A craniopharyngioma is a benign tumor at the base of the brain. While the tumor is not malignant and does not metastasize, its location makes it dangerous. Near not only the brain, but the pituitary and hypothalamus glands and the optic nerve, a craniopharyngioma can result in a variety of serious symptoms. This tumor is most commonly seen in children between the ages of 5 and 10, but is sometimes observed in adults as well. Craniopharyngiomas are usually treated by surgical removal.

A craniopharyngiomas is caused by abnormal cell growth during fetal development. While the tumor is present at birth, its symptoms may present at varying times depending on its rate of growth.

As craniopharyngiomas enlarge they can cause a variety of troubling symptoms. Because of the tumors proximity to the brain, patients experience increased intracranial pressure which may cause:

• Headaches
• Nausea
• Vomiting, especially in the morning
• Balance problems
• Behavioral or learning problems

As craniopharyngiomas grow and exert pressure on the pituitary gland, hormone production may also be affected, resulting in:

• Excessive thirst and urination (diabetes insipidus)
• Stunted growth
• Sleep disturbances
• Delayed puberty

These tumors may also affect the optic nerve, causing vision problems, and the hypothalamus gland, increasing appetite and causing weight gain (hypothalamic obesity). Unfortunately, these difficulties may remain after surgery and require separate treatments. By the time craniopharyngiomas are diagnosed, most patients are experiencing decreased hormone production and visual difficulties.

Craniopharyngiomas are diagnosed through imaging tests, including CT scans and MRIs, by comprehensive neurological examinations, and by blood tests to evaluate hormonal imbalances. In some cases, a tissue biopsy may also be necessary.

Treatment for a craniopharyngioma usually involves surgery to remove the tumor and has a very high rate of success. Surgery may be performed with or without radiation therapy to ensure complete removal. The most difficult part of treating a craniopharyngioma is weighing the necessity for maximal removal to avoid recurrence against minimal invasion to reduce side effects.

Some tumors may be treated through stereotactic radiosurgery alone, which is considerably less invasive and associated with fewer risks. Radiotherapy, however, may result in its own side effects, particularly dangerous to the young, developing brain. For this reason, radiotherapy is not usually administered to patients younger than 5 years of age.

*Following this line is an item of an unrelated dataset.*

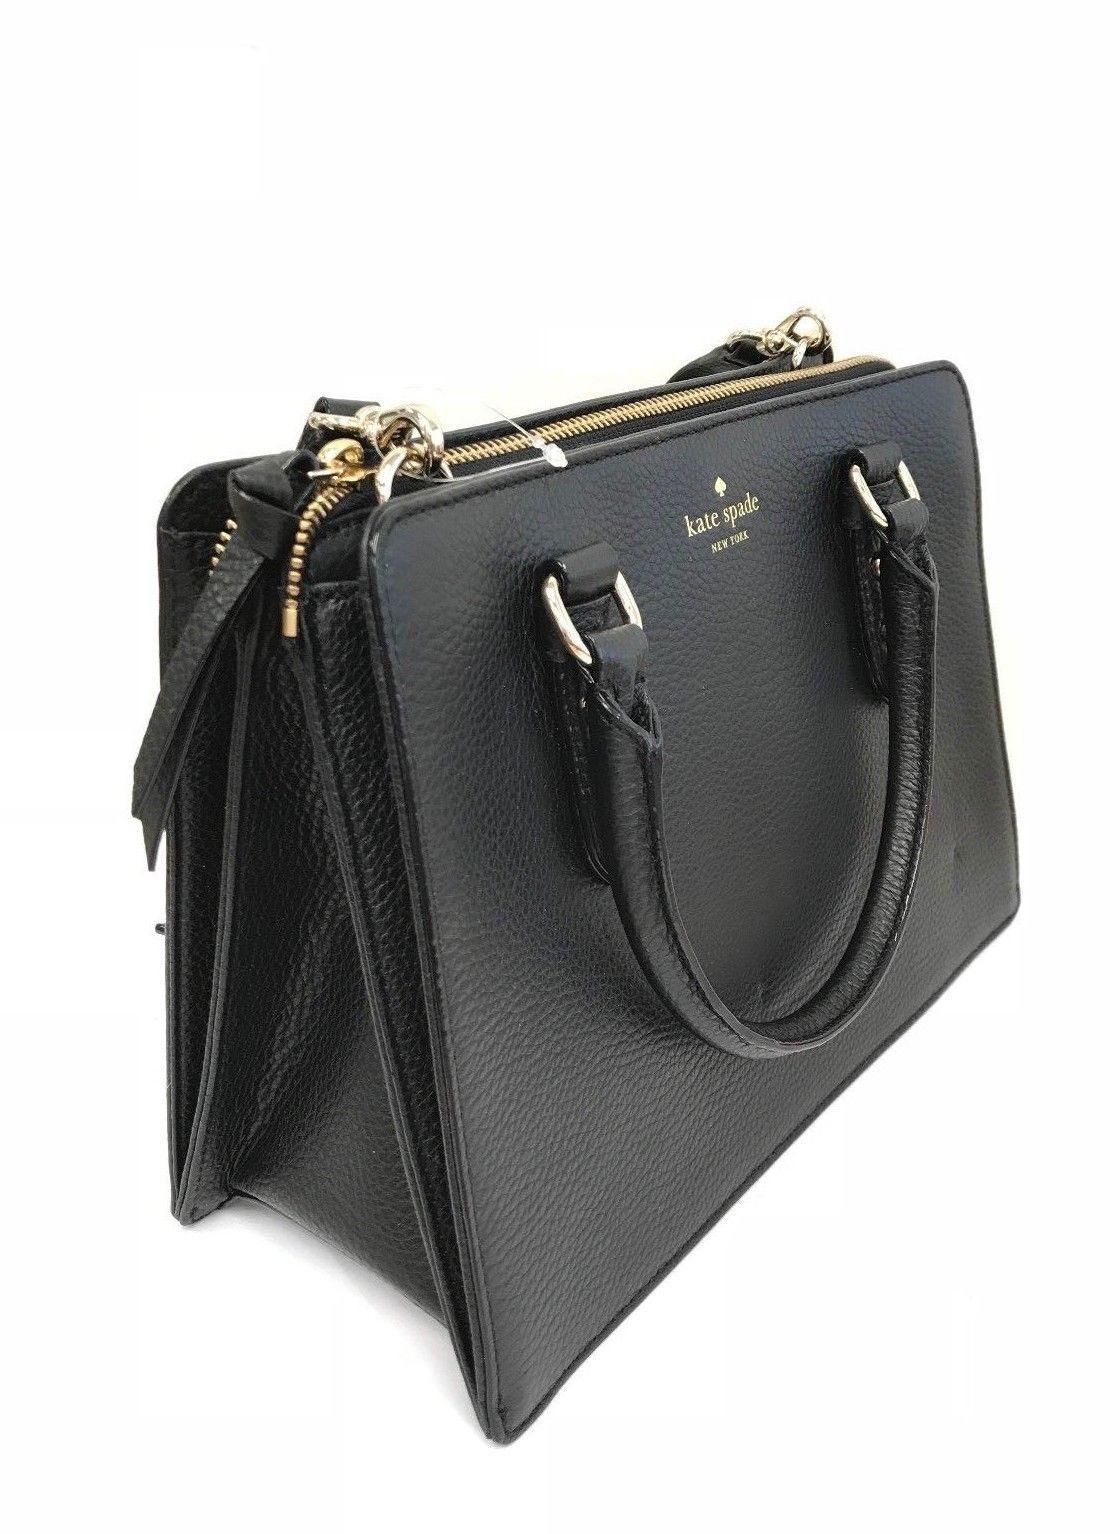 79ad7fca40 Kate Spade Mulberry Street Lise Black Leather Satchel WKRU4002 ...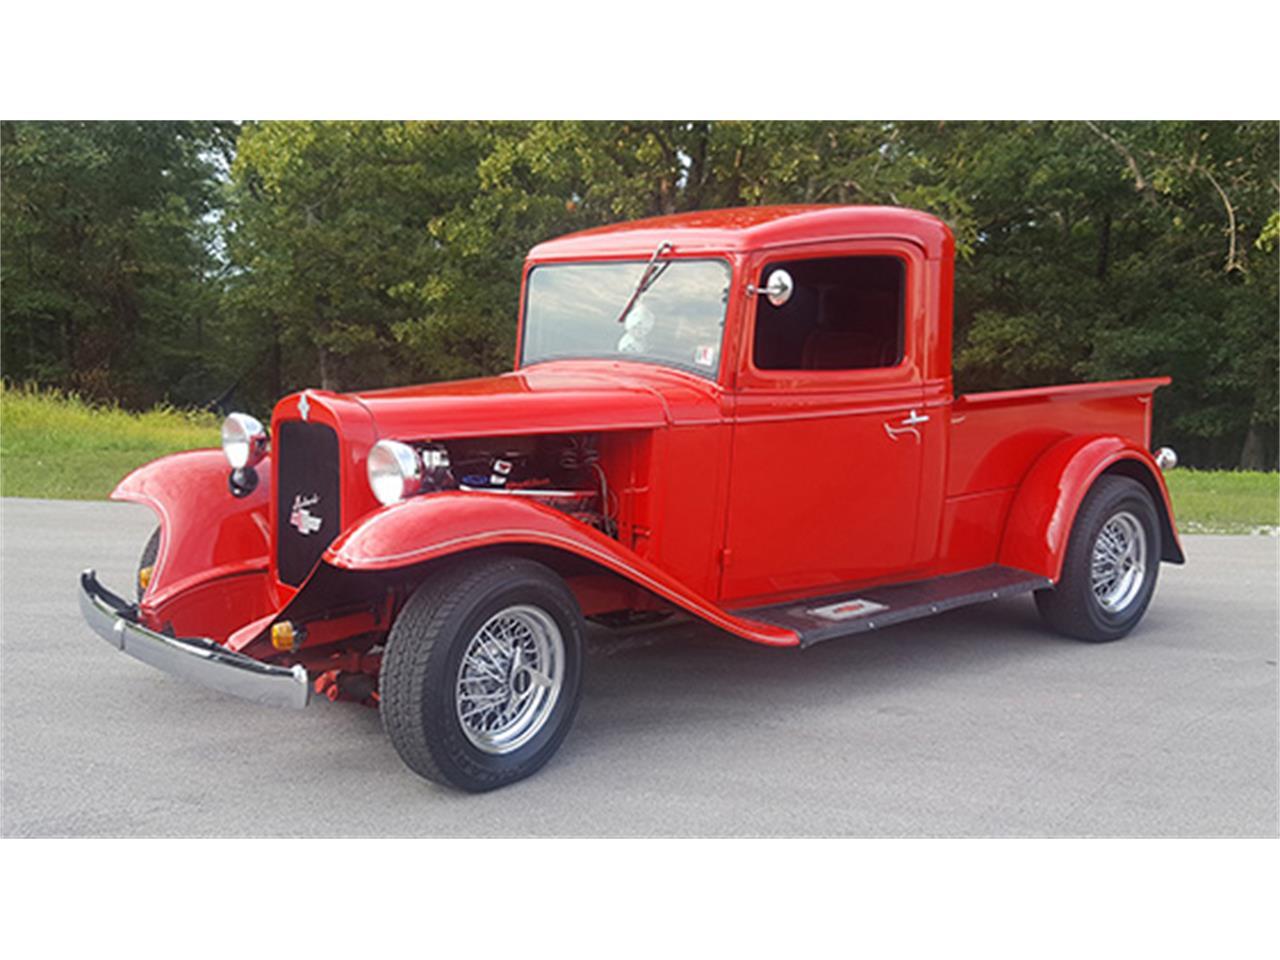 Chevy Dealers Phoenix >> 1932 Chevrolet Hot Rod Pickup for Sale | ClassicCars.com | CC-1015433

Treating a craniopharyngioma is not a simple matter. While treatment of craniopharyngioma through surgery or radiation is typically effective for most patients, recurrence is possible, usually within 2 years of surgery, and may require additional treatment.

Treatments for associated conditions, such as bariatric surgery for hypothalamic obesity, hormone replacement for decreased hormone production, or may also be necessary. Certain cognitive or visual problems may remain or may become evident some time after treatment has been completed. There are also some risk associated with radiation therapy, including:

• Stroke
• Delayed blindness
• Loss of pituitary function
• Secondary cancer

The best rates of recovery without recurrence are in patients treated with surgery combined with radiation therapy. In spite of the possibility of complications, the prognosis for patients with craniopharyngioma is good. While many patients will have to cope with other associated conditions after surgery, there is an 80-90 percent chance of permanent cure after treatment.